» **ACTION ITEM**: Go through the listing and set it down exactly, leaving out its pictures.

» **DATASET CONTENT**:
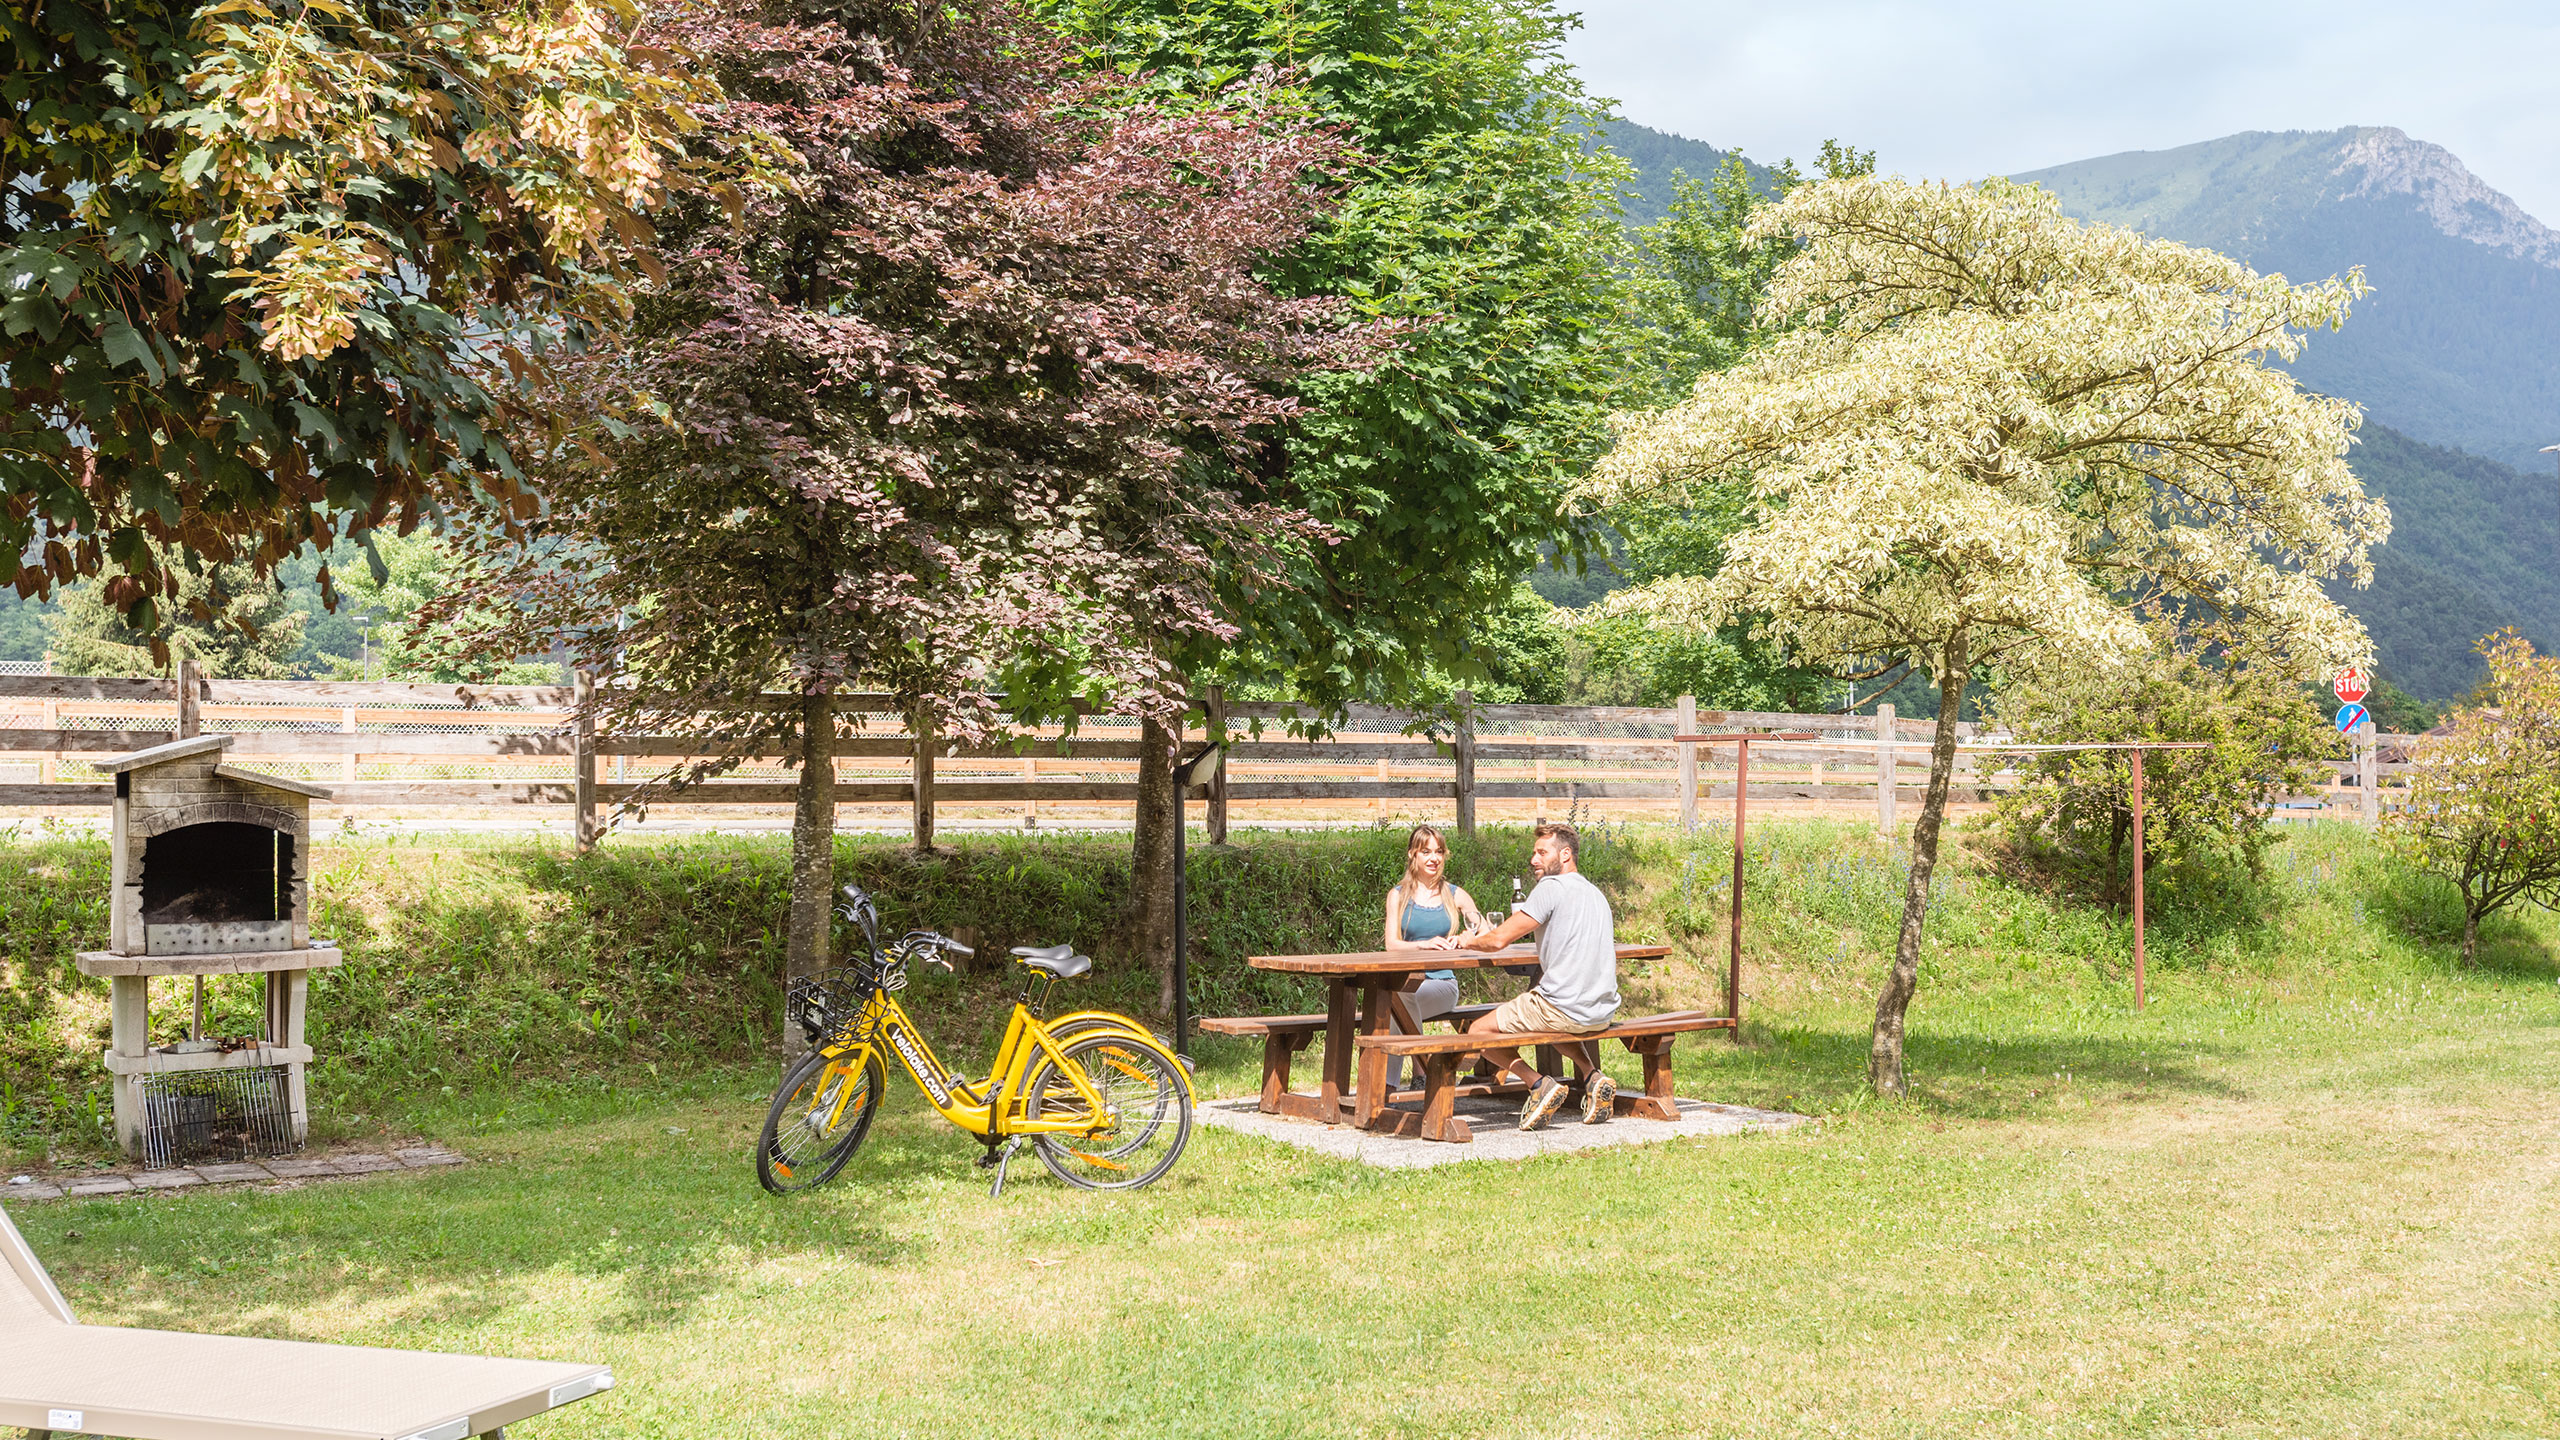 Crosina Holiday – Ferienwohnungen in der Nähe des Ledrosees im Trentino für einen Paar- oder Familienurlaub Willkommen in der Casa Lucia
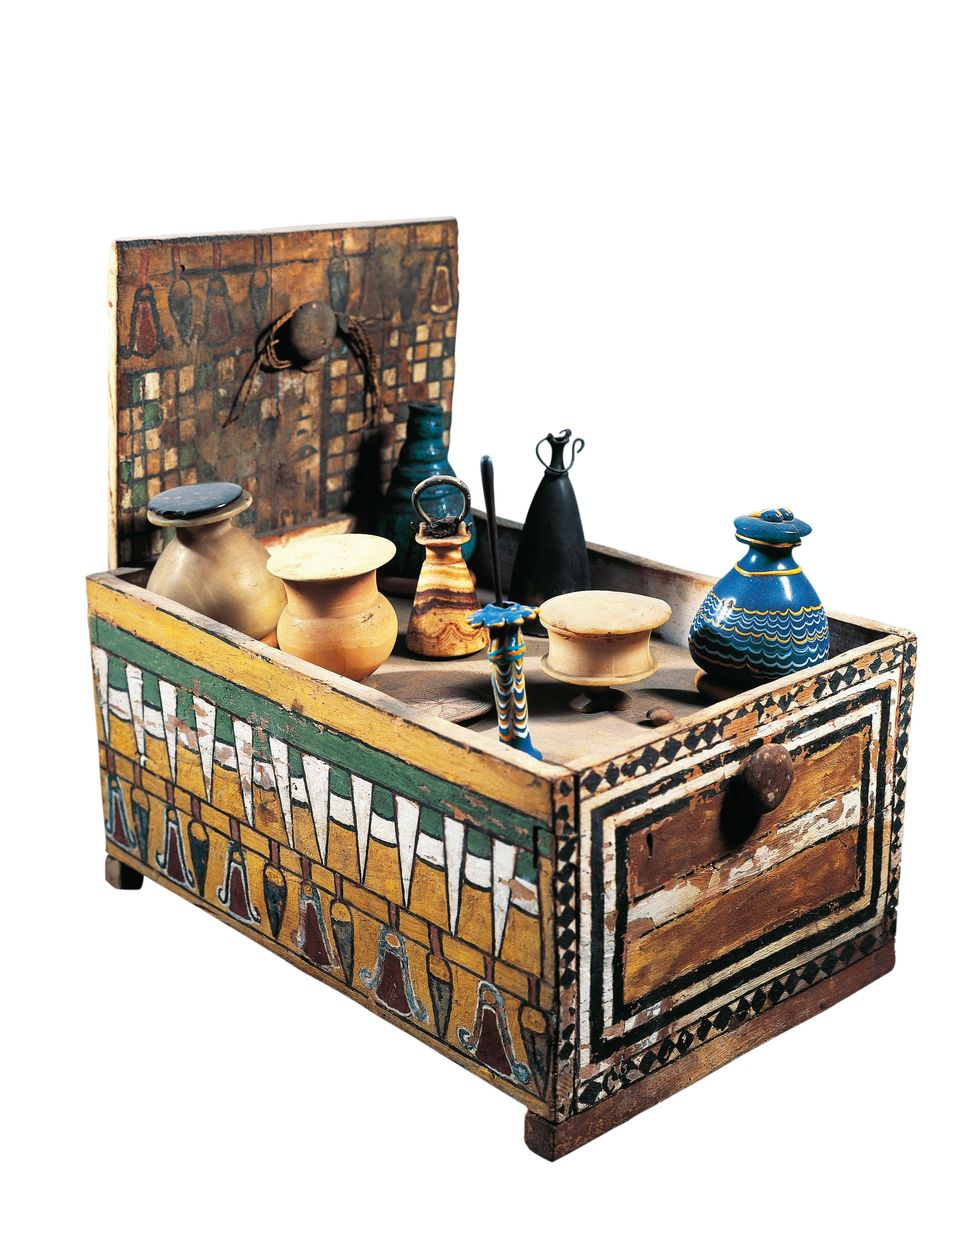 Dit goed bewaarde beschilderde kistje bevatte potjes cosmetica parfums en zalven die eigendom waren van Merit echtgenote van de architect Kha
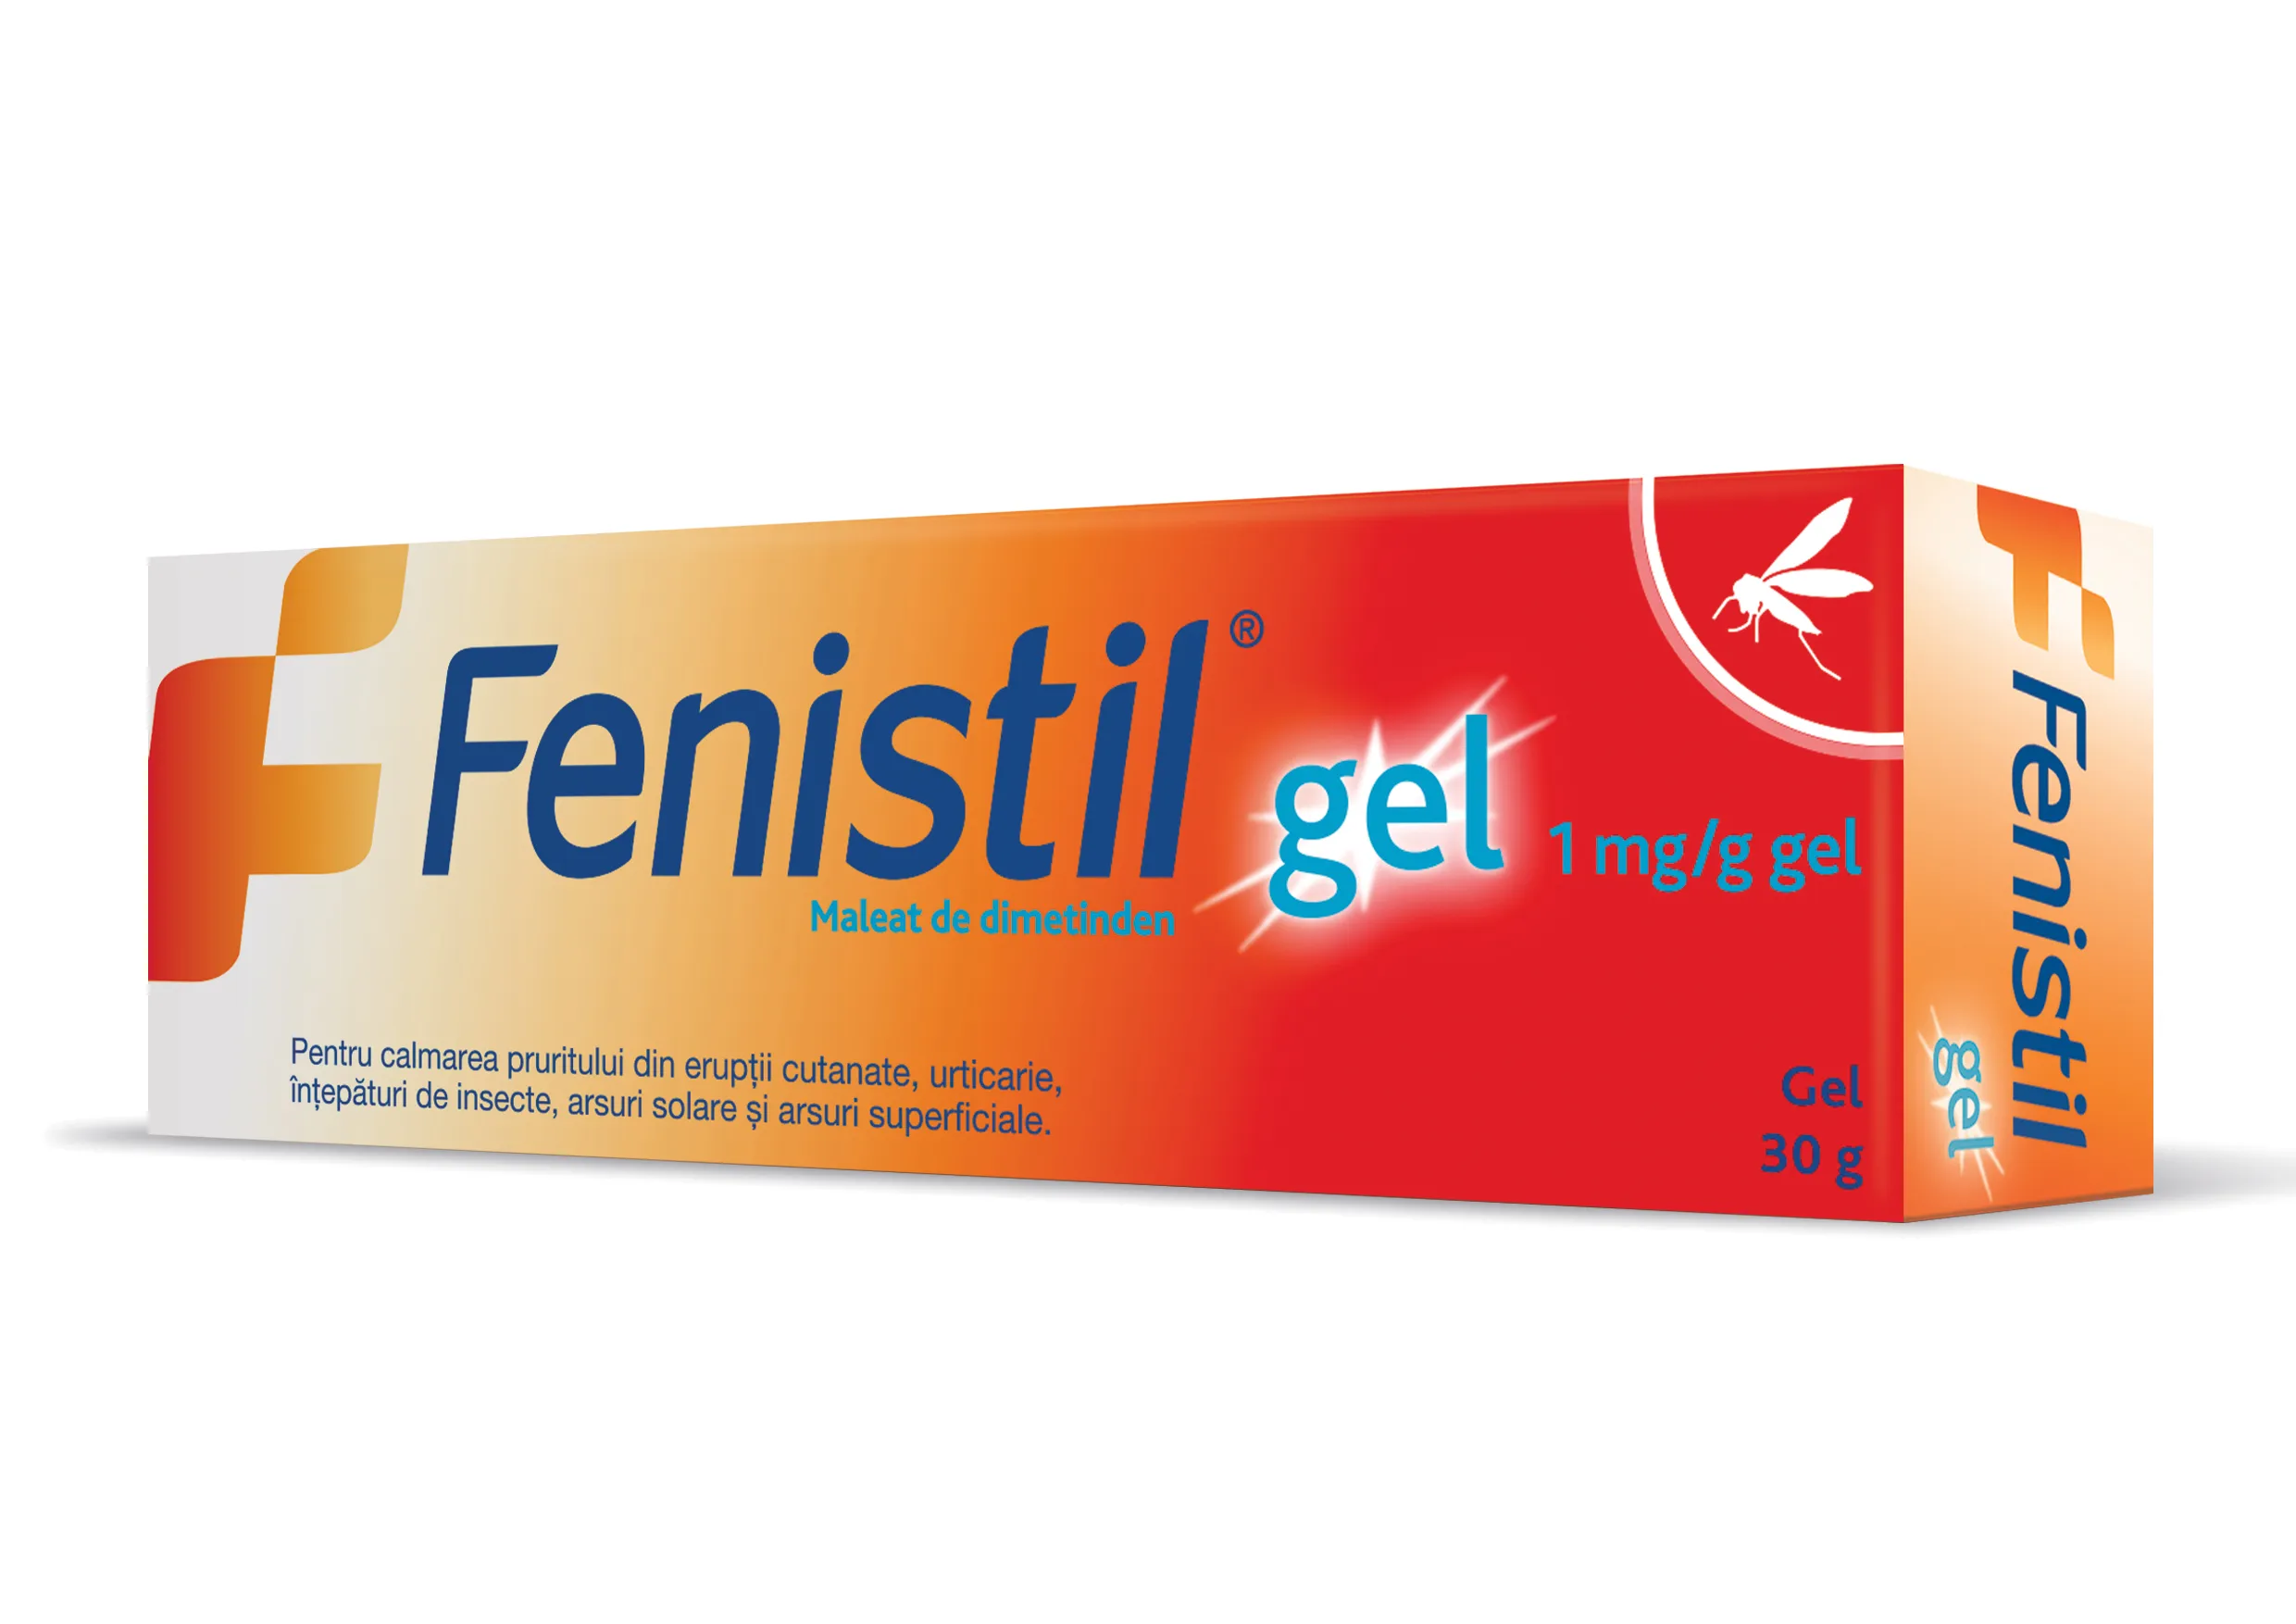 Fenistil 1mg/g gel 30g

» **ANSWER AREA**:
 Crosina Holiday – Ferienwohnungen in der Nähe des Ledrosees im Trentino für einen Paar- oder Familienurlaub Willkommen in der Casa Lucia
 Dit goed bewaarde beschilderde kistje bevatte potjes cosmetica parfums en zalven die eigendom waren van Merit echtgenote van de architect Kha
 Fenistil 1mg/g gel 30g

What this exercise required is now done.